The clear mechanistic picture in Pickering emulsion polymerization is further complicated by other factors, such as the water solubility of the monomers, which can drive the migration of the nucleation loci from the emulsion droplet into the water phase. Some other studies [45] link the mechanism of nucleation to the solubility of the initiator, for example, when the initiator is soluble in the water phase such as ammonium persulfate (APS) homogeneous nucleation mechanism, probably around the nanoparticle stabilizers present in the water phase, resulting in polymer particles that are loosely covered with nanoparticle stabilizers. We believe this is also the case for NP-SH with MM and NP-CN with MM, for which Pickering emulsions could be generated, but no polymer microspheres could be obtained, suggesting that the polymerization loci are not in the monomer oil colloidosome, but have shifted into the water phase. This way, nano and microparticles have formed from the nuclei in the water phase, consuming the monomers in the colloidosomes, and can be easily identified in the SEM images, because they bear no NPs, Figures S6 and S7. The NPs used initially in stabilizing the colloidosomes in the emulsion formation adsorb due to mechanical energy input, but do not spontaneously adsorb at the newly formed polymer particle surfaces. The same hypothesis was supported by Bon et al. [46], who consider that the emulsion stabilizing particles do not adsorb at the interface of the nucleating particles, but that their surface wettability is initially modified by the adsorption of the oligomers and thereafter these are capable of stabilizing the growing polymer particles. Thus, when measuring the diameters of the microspheres, we did not consider those that were not covered by a monolayer of NPs, i.e., those formed by the competing mechanism of water nucleation.

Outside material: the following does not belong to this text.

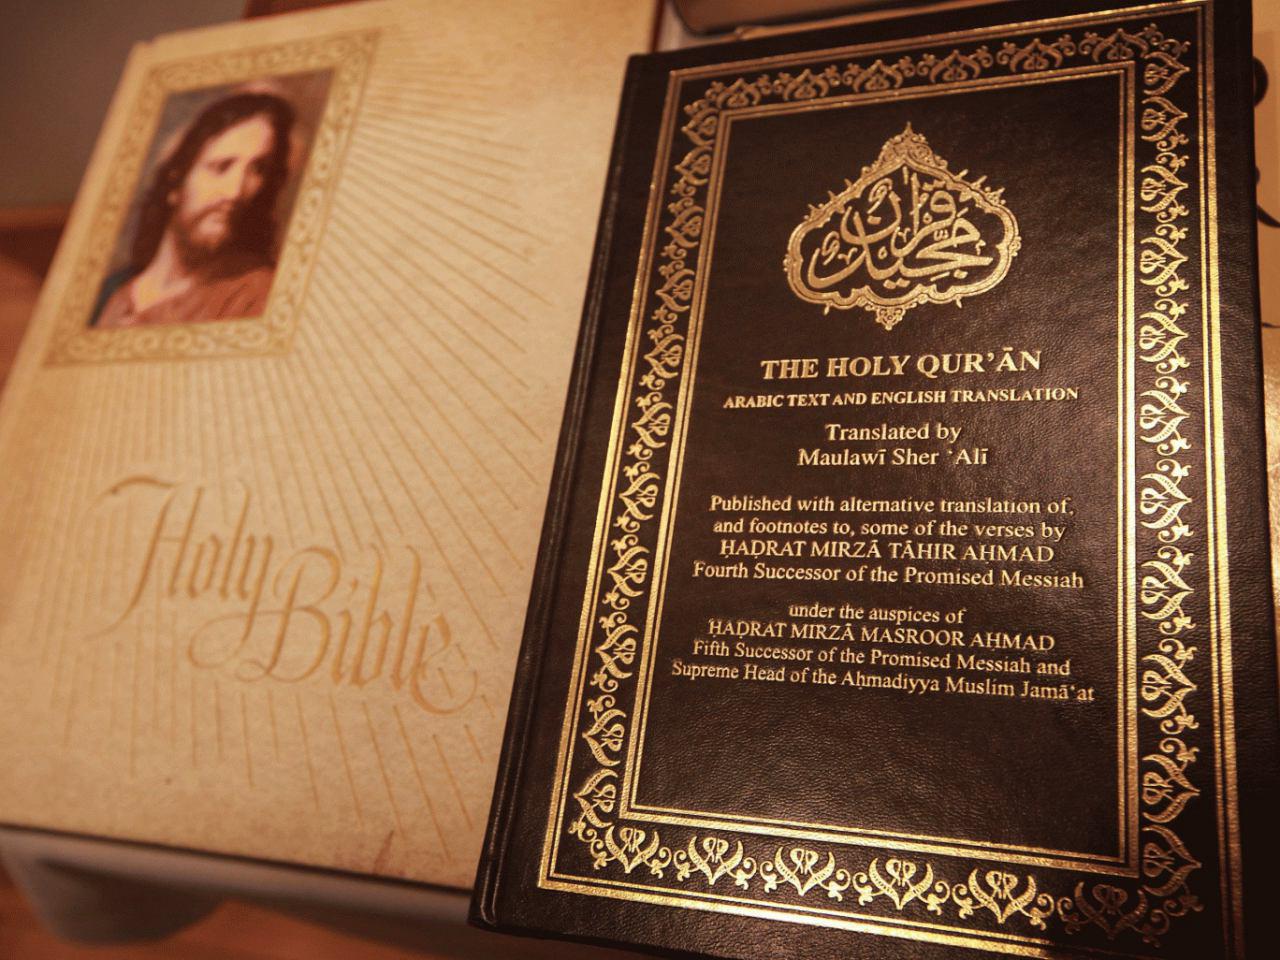 Photo of “Jesus in Quran and Bible” Exhibition in Greece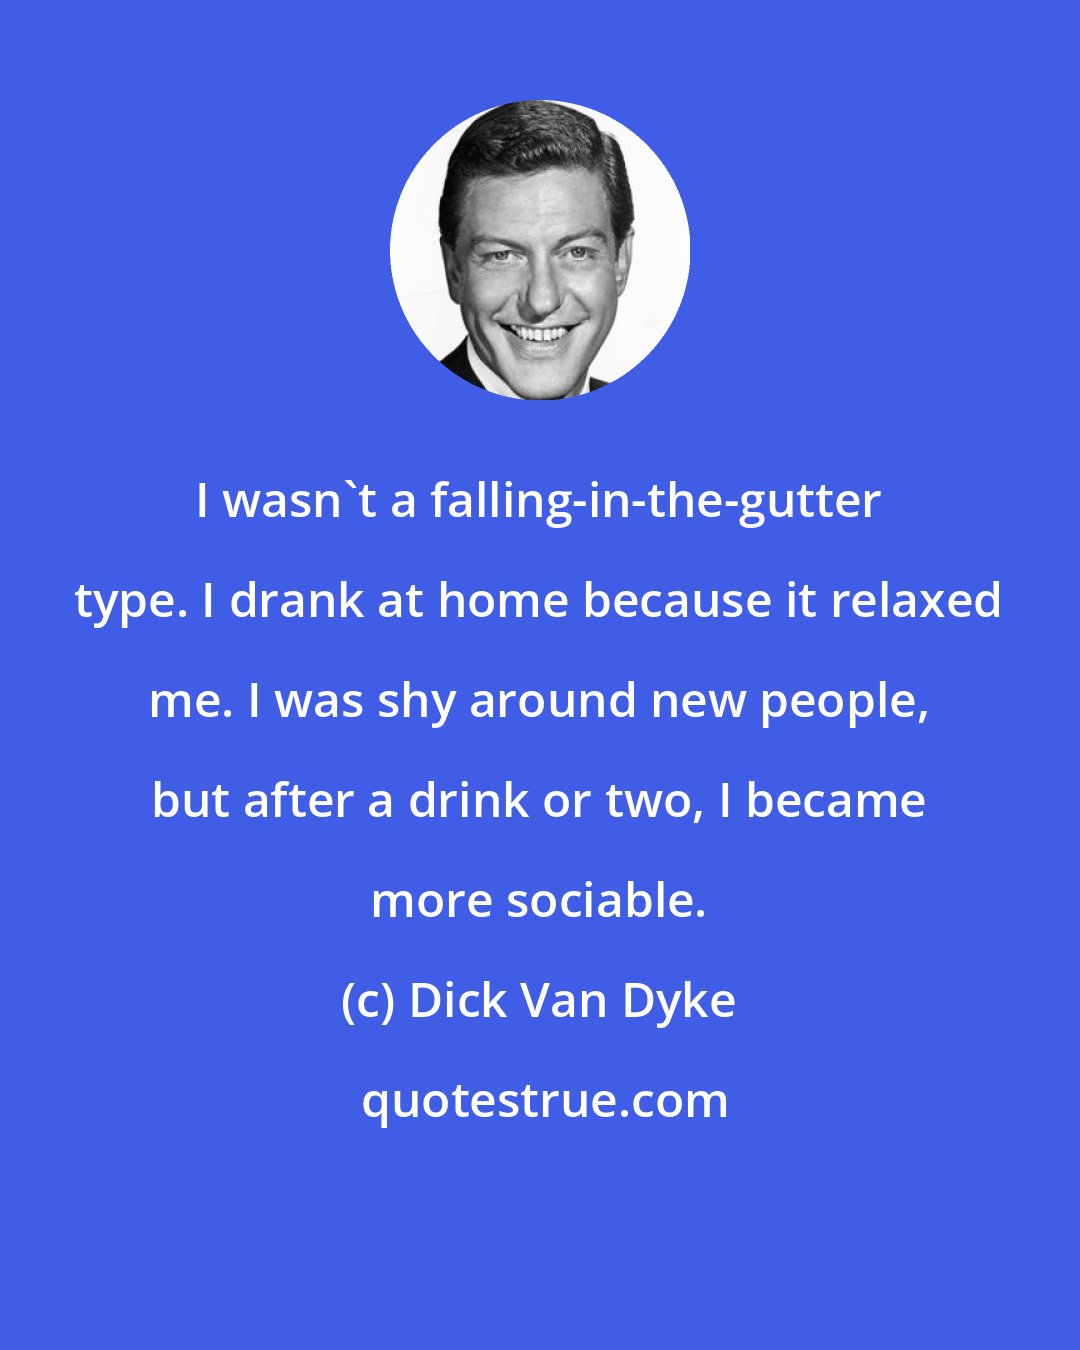 Dick Van Dyke: I wasn't a falling-in-the-gutter type. I drank at home because it relaxed me. I was shy around new people, but after a drink or two, I became more sociable.

3.2. Determining the Interfacial and Surface Energy of NPs

The interfacial energy of the NP-CN and NP-SH with its polar ${\gamma }_{NP/W}^p$ and dispersive ${\gamma }_{NP/W}^d$ components was previously determined using the newly developed NanoTraPPED method by our group [35]. The interfacial energy with its polar and dispersive components of NP-Gly was determined in this work, using NanoTraPPED and the Owens–Wendt–Rabel–Kaelble (OWRK) [47,48] model given by the following equation:

$$\frac{{\gamma }_{P/W}\left(1+\cos \beta \right)}{2\sqrt{{\gamma }_{P/W}^d}}=\sqrt{{\gamma }_{NP/W}^p}\sqrt{\frac{{\gamma }_{P/W}^p}{{\gamma }_{P/W}^d}}+\sqrt{{\gamma }_{NP/W}^d}$$

(1)

where, β is the contact angle of the NPs at the three-phase line: NP-polymer (NP/P), NP-water (NP/W), polymer-water (P/W), as indicated by the subscript to the Greek letter γ throughout this work, ${\gamma }_{P/W}^p$ and ${\gamma }_{P/W}^d$ are the polar and dispersive polymer/water interfacial energy, ${\gamma }_{NP/W}^p$ and ${\gamma }_{NP/W}^d$ are the polar and dispersive nanoparticle/water interfacial tension and ${\gamma }_{P/W}$ is the interfacial energy of polymer/water. Equation (1) was solved graphically, see Figure 2, by building a system of equations relating the contact angle β of the NP-Gly, on five different polymers listed in Table S3, with the surface energy components ${\gamma }_{NP/W}^p$ and ${\gamma }_{NP/W}^d$. Whereas the values for the polymer, ${\gamma }_{P/W}^p$ and ${\gamma }_{P/W}^d$ are known [35]. The contact angle was measured from the diameter of the circular voids or traces left be the NP-Gly on the surface of the polymer microspheres resulted from the Pickering emulsion polymerization and are shown in Figure S8, together with the obtained microspheres. The calculated contact angles are related to the diameter of the circular traces of the voids through the following geometric relationship: $\beta =\pi -{\sin }^{-1}\frac{l}{r}$. The total surface energy and its components ${\gamma }_{NP/W}^p$, ${\gamma }_{NP/W}^d$ in water, are obtained by fitting the data to the linear Equation (1), where the $\sqrt{{\gamma }_{NP/W}^p}$ is the slope and the $\sqrt{{\gamma }_{NP/W}^d}$ is the intercept, as shown in the Figure 2. With this, the actual values of the γ^d_NP/water, γ^p_NP/water, and γ_NP/water are calculated and are given together with those for NP-CN and NP-SH in

Table 1. Interfacial energy and its disperse ${\gamma }_{NP/W}^d$ and polar component, ${\gamma }_{NP/W}^p$ of the silica nanoparticles with water, bearing different surface functional groups. The data for NP-CN and NP-SH were taken from reference [35].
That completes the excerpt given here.